8. There are many in this town who will miss the use of this space for the carnival at Sea Fair.
I spoke with the woman who ran Seafair (and continues to work hard to make it happen), and yes, they desperately want the fair along the seaside. I asked her if she’d ever stepped foot into another library, anywhere. She said no. Our town needs a proper library. There are other areas along the seaside. It’s a seaside town. To hold the citizens hostage for a 3-day carnival — one that just has to be in that specific spot to function — a place that is largely unused the rest of the year (except for grafitti and as a kitty litter box/dog run with million dollar views) is not right.
9. Placing the library at the edge of the ocean will certainly require increased energy usage to dehumidify the interior 24/7/52 to protect the paper books, at a time when we are all trying to reduce energy use, and we are threatened with much higher electric bills with the forced installation of “Smart” Meters.
To me, that’s the single interesting design argument here. It would definitely need to be a design consideration to make sure the humidity is not a problem. There seem to be many ways to do this without dehumidifiers. http://www.wbdg.org/resources/moisturedynamics.php Mixing the “Smart” meter issue here is baffling. Anyhow…
10. There has been no Regional Referendum regarding site choice, based on entirely fallacious reasoning. This so-called reasoning claims that:
- the site must be chosen - the architect’s plans drawn up based on that site, and the funding achieved based on that site and those drawings
BEFORE a referendum can be held regarding the regional residents’ opinions about site choices. However, this so-called reasoning simply makes no logical sense. It certainly is not ethical. To borrow a recent quote, “In our view, this would be a serious tactical error.” Obviously, the referendum must come BEFORE the site choice.
It’s my understanding that there have been three referendums over the last 20 years on this library. None of them allowed a new library to be built. In order to gain funding the plan must be offered up for consideration, and must be relatively ready-to-go. Council has the authority to choose a site. The referendum will be on the cost of the library, which can only be known once the external grants or matching funds are knows.

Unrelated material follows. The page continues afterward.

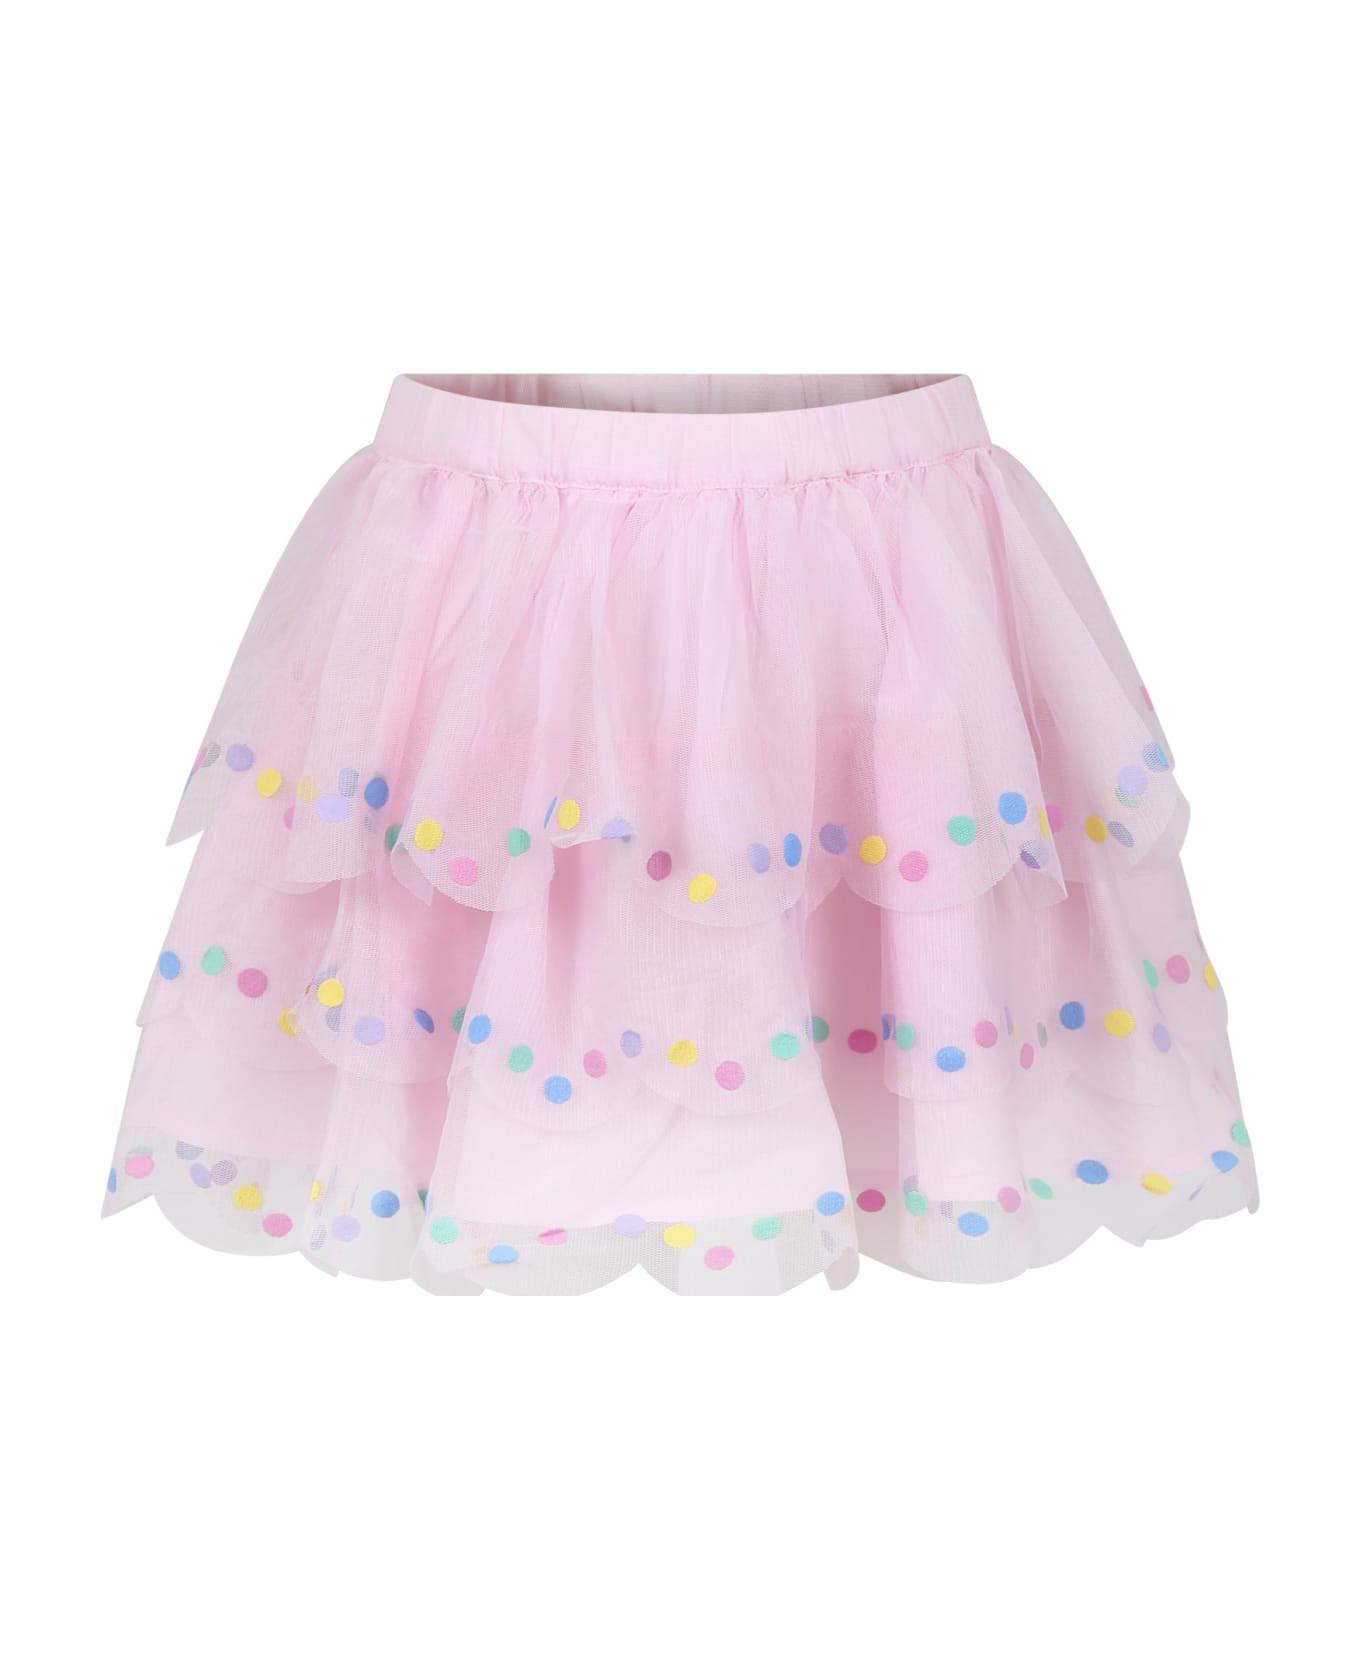 Stella McCartney Kids Pink Tulle Skirt For Girl - wisteria

It looks a lot like it’s a chicken-and-egg situation, and that’s unfortunate, as I agree that in a perfect world, everything would be transparent and voted on… but we need to move on. Not letting the library move past this design process (for which $70,000 has already been spent) will mean no library for who knows how long; maybe never. The petition people are focusing on the site, as if that’s in question, and that the library would destroy the beach for everyone. And that’s just unfathomable to me. And dishonest.
In the end, while there was money (or at least a willingness to go further into debt) to rebuild wharfs that will serve the wealthy really well, and supposedly bring tourists, but there will probably be no will to invest in something that everyone can use and that will raise the bar around here; but as the woman at the last public consultation yelled “We’re not city people”, which I guess means we will never get a library because learning’s not for us.